Haddad — a poet, public figure, author of I Killed Scheherazade: Confessions of an Angry Arab Woman and soon-to-be-talk-show host — is an outspoken critic of Sharia law, a devotee of sex-positivity, and an advocate for women (although she doesn’t call herself a feminist.) But in a world fraught with political unrest, how does she justify focusing her considerable energies on erotica? As she tells the New York Times,

“People tell me, ‘There are so many things wrong with the Arab world, why do you just talk about sex?’ And I say, ‘This is the main link.’ Who decides what’s haram – what’s allowed and not allowed? The religious figures. They are linked with the political powers, and together they work to control the society through this medium, the sex drive. If you break the power over sex, you can start undermining and questioning the religious and political powers. You cannot do it the other way around.”

It’s a compelling argument, but one that doesn’t convince critics who feel that Haddad is a “lightweight shock artist” using cheap PR tactics to garner attention away from real, earnest efforts for change.

The Lebanese-American professor As’ad AbuKhalil, who teaches at California State University and calls himself a radical feminist, has excoriated her in the leftist pro-Hezbollah paper Al-Akhbar and on his English-language blog, The Angry Arab. “She poses in the Western press, where people who write about her don’t know Arabic, as a victim of fundamentalists, when I know of no fundamentalist who ever attacked her, and I don’t think they know who she is,” he says. As for Jasad, AbuKhalil pronounced it “nothing courageous and nothing daring: it is rather sleazy and attempts to satisfy Gulf oil princes. It is sold in Gulf countries as soft porn.”

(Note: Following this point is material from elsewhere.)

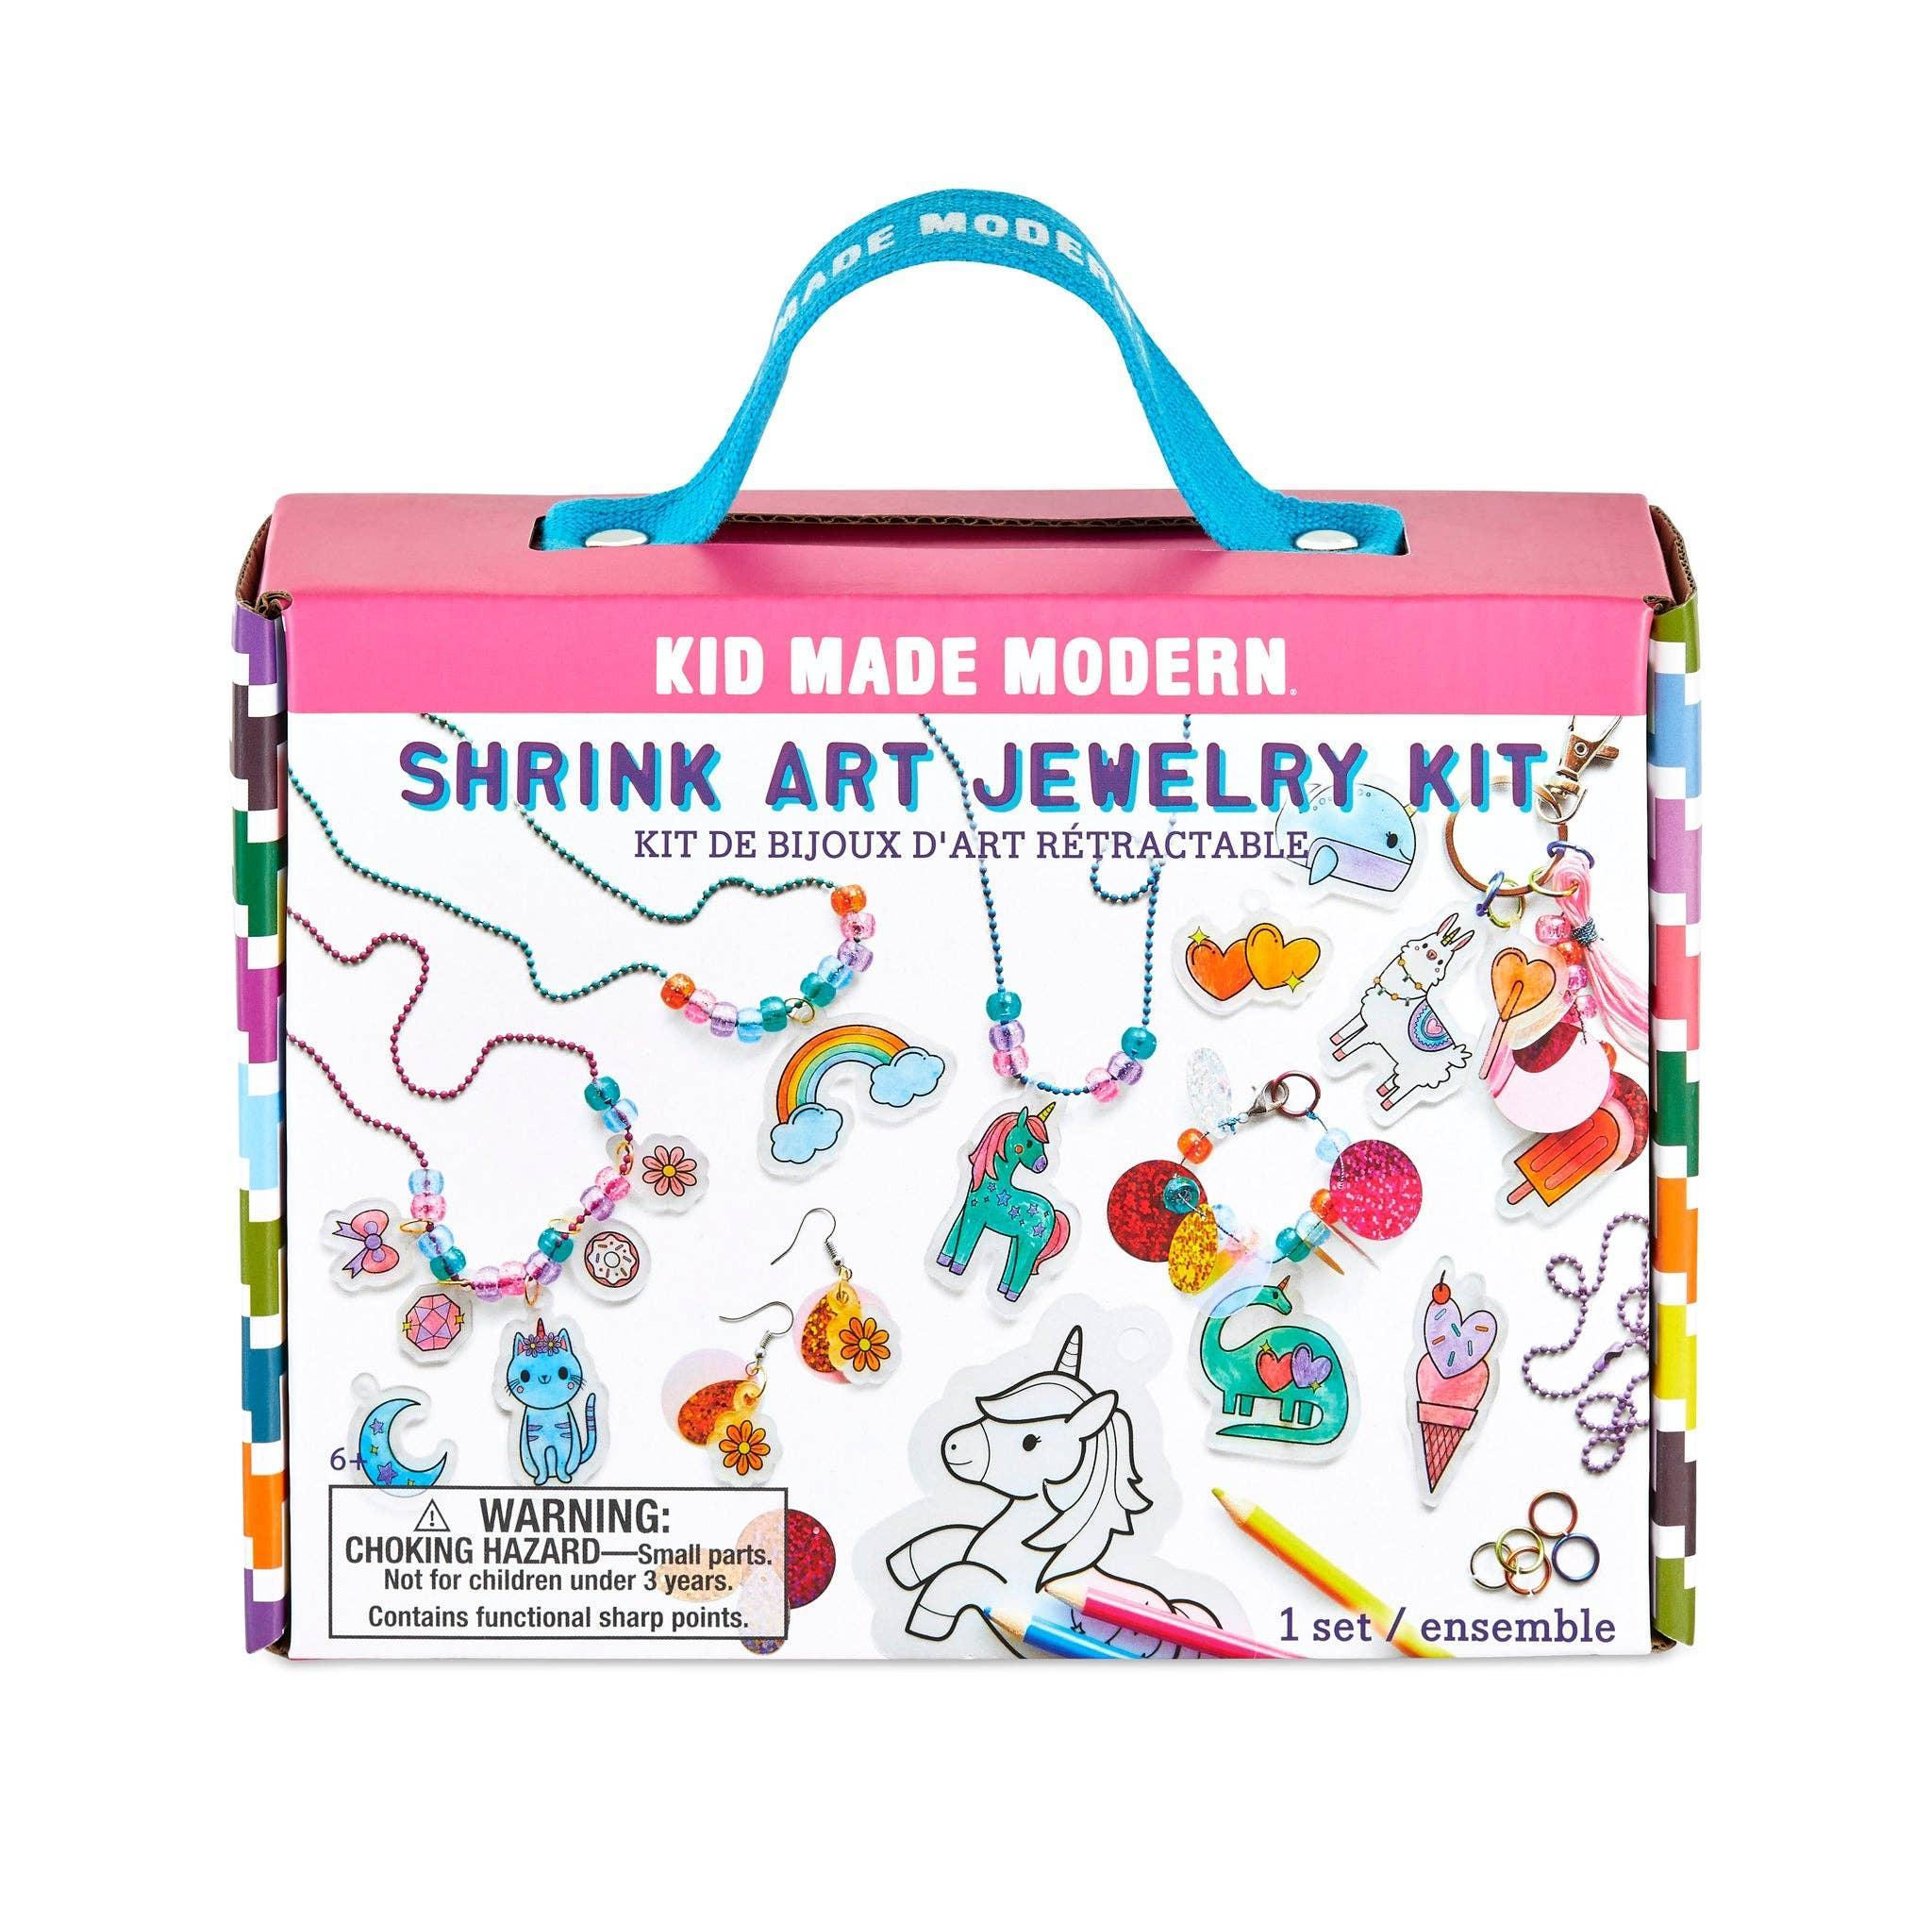 Shrink Art Jewelry Kit - Kid Made Modern - Why and Whale
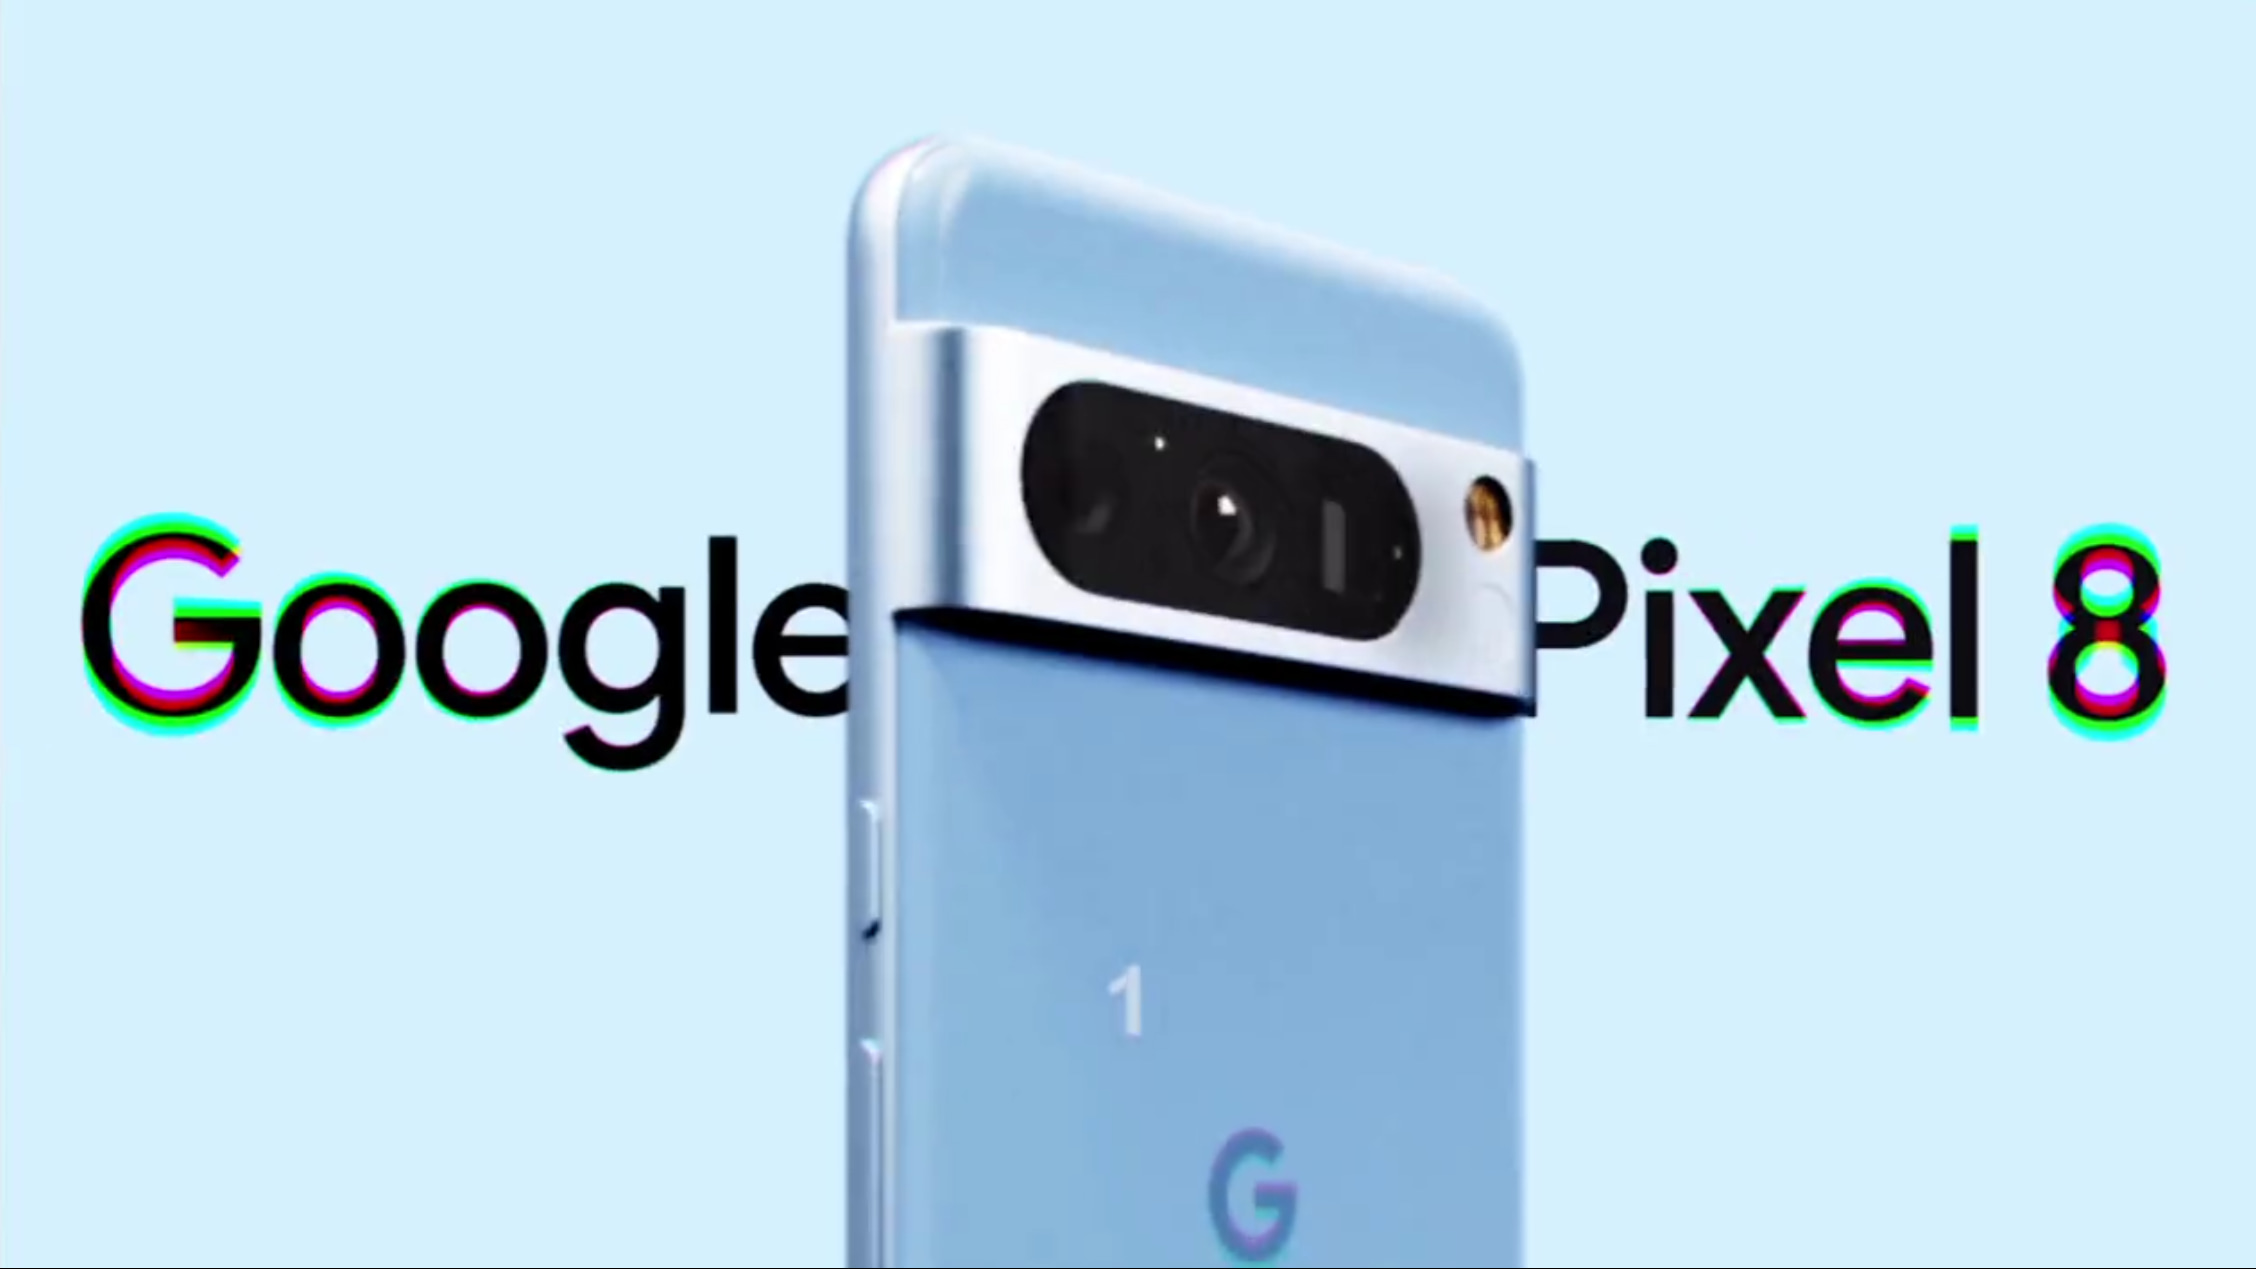 Google Pixel 5 Just Black Unboxing and Overview

And Haddad’s notoriety is understandably frustrating to Lebanese feminists who work towards more direct ends.

Farah Salka, a member of the Lebanese feminist collective Nasawiya, credits Haddad for raising awareness of sexual freedom but says she falls short as a sister in struggle. “She does not lend a helping hand in effecting change, or even connecting with women on the ground in any way,” Salka says.

More puzzling is Haddad’s rejection of the “feminist” label, which would seem to hearken back to hoary ideas of a granite-hewn militancy that doesn’t jibe with her own more hedonistic approach. That’s unfortunate, but doesn’t nullify Haddad’s visible work for sex-positivity. “Soft-core?” Haddad doesn’t care who’s buying her magazine — as long as people are, albeit online. It’s its existence that matters. It seems like what’s crucial here is not to stick a label on Haddad — and not insist she be some kind of short-hand proxy for all “Arab women,” sex-positive or otherwise. There are a lot of women in Lebanon — and Haddad is one who’s doing something specific and bold. What it says about women or the culture at large is open for debate.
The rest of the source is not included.